The rising tide of ESG pressure is certainly impacting listed companies and multinationals in Nigeria, leading to a notable increase in reporting. However, whether this translates to genuine integration into core strategy or remains largely performative is still a mixed bag. While some leading players, particularly those with international mandates or forward-thinking boards, are truly embedding ESG into their risk management, capital allocation, and even executive compensation, showcasing true strategic shifts like banks analysing financed emissions or manufacturers optimising for cleaner production others still lean towards PR-driven CSR or reporting only easily quantifiable, positive metrics. The journey from ‘checking boxes’ to a fundamental, verifiable commitment is ongoing, but the accelerating global investor demand and evolving local regulations are increasingly making genuine ESG integration not just a reputational advantage, but a necessity for long-term resilience and access to critical capital
The cost of ESG compliance is often a major concern, especially for small and medium-sized enterprises. What low-cost or phased approaches can Nigerian businesses adopt to begin aligning with global ESG frameworks without overwhelming their resources?
The cost of ESG compliance is a real hurdle for Nigerian SMEs, but alignment doesn’t require massive budgets. The key is a phased, materiality-driven approach. Start with a simple materiality assessment to pinpoint 3-5 most relevant ESG issues for businesses, focusing resources there. Leverage existing operational improvements that naturally align with ESG, like adopting energy-efficient practices to cut costs and emissions, or refining HR policies. Utilise free or low-cost tools like spreadsheets for data, NGX simplified guidelines, and local industry workshops. Finally, be transparent about their journey and collaborate more. This pragmatic path demonstrates genuine intent, unlocks opportunities, and builds resilience without overwhelming resources
Given the growing demand from investors and regulators, do you foresee ESG assurance becoming a standard part of corporate audits in Nigeria? If so, how prepared are our audit and assurance professionals to take on this evolving responsibility?
Yes, I absolutely foresee ESG assurance becoming a standard part of corporate audits in Nigeria.
ESG assurance is poised to become a standard part of Nigerian corporate audits, driven by global investor demand and the FRC’s push for ISSB standards, crucial for data reliability and combating greenwashing. While larger audit firms are developing specialised ESG capabilities, the broader professional landscape faces challenges, including a skills gap in non-financial data assurance and the need for standardised local frameworks. Despite these hurdles, ongoing training initiatives and emerging local expertise signal a proactive effort to build the necessary capacity, making this an evolving but inevitable transition.
Finally, looking ahead, what critical steps must Nigerian regulators and business leaders take to build an ESG reporting culture that is not only compliant but impactful and locally relevant?

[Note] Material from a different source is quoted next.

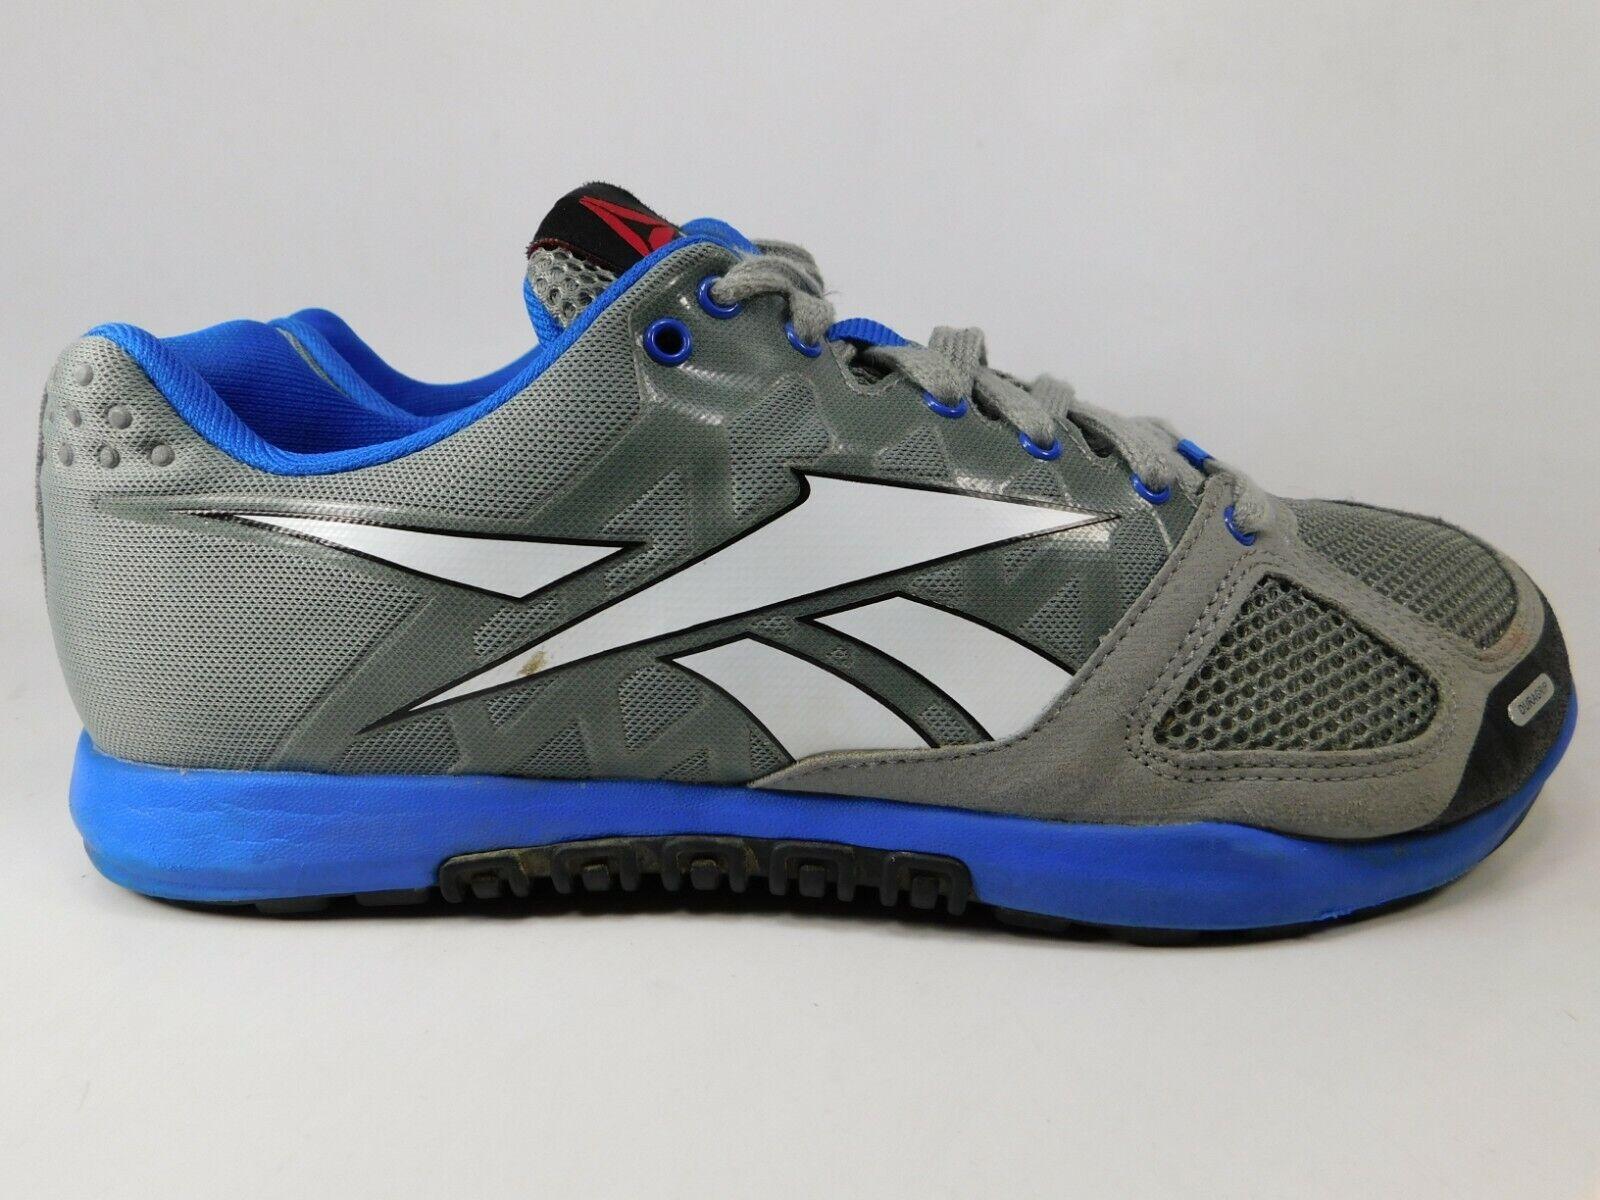 Reebok Crossfit Nano 2.0 Dimensione USA 9  M (D) EU 42 Men's Training scarpe grigio J94324  negozio fa acquisti e vendite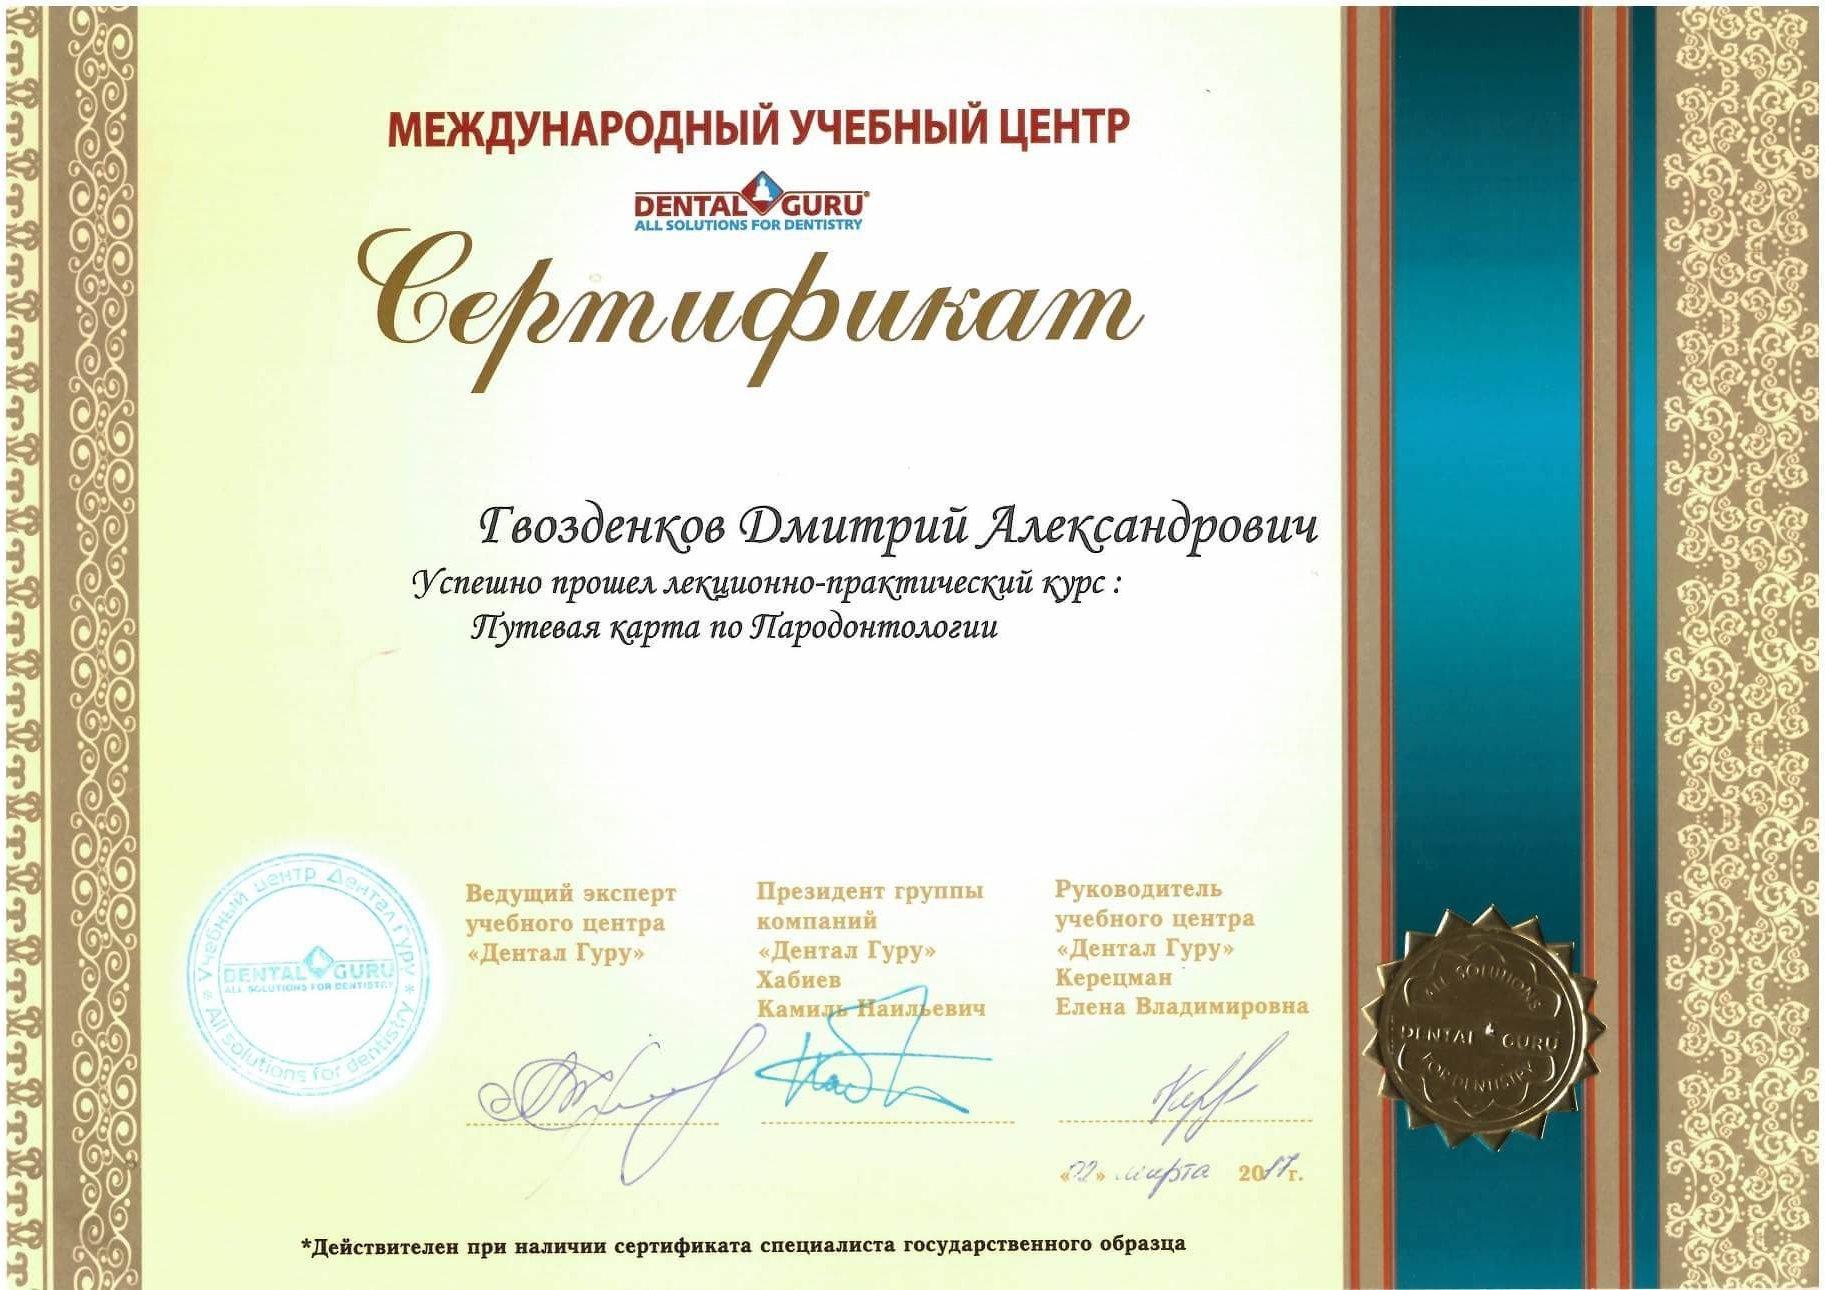 СЕРТИФИКАТ_Путевая карта по пародонтологии

To cultivate an ESG reporting culture in Nigeria that’s both compliant and genuinely impactful, regulators must provide clear, phased, and contextualised guidance, harmonising global standards with local realities while building their own monitoring capacity. Simultaneously, business leaders must fundamentally shift their perception of ESG from a burden to a strategic imperative. This means embedding it at the board level, prioritising materiality assessments for local relevance (like job creation and community impact), investing in robust data systems, and fostering an internal culture of sustainability. This collaborative, foresight-driven approach is vital for unlocking long-term value, attracting investment, and ensuring Nigeria’s sustainable development.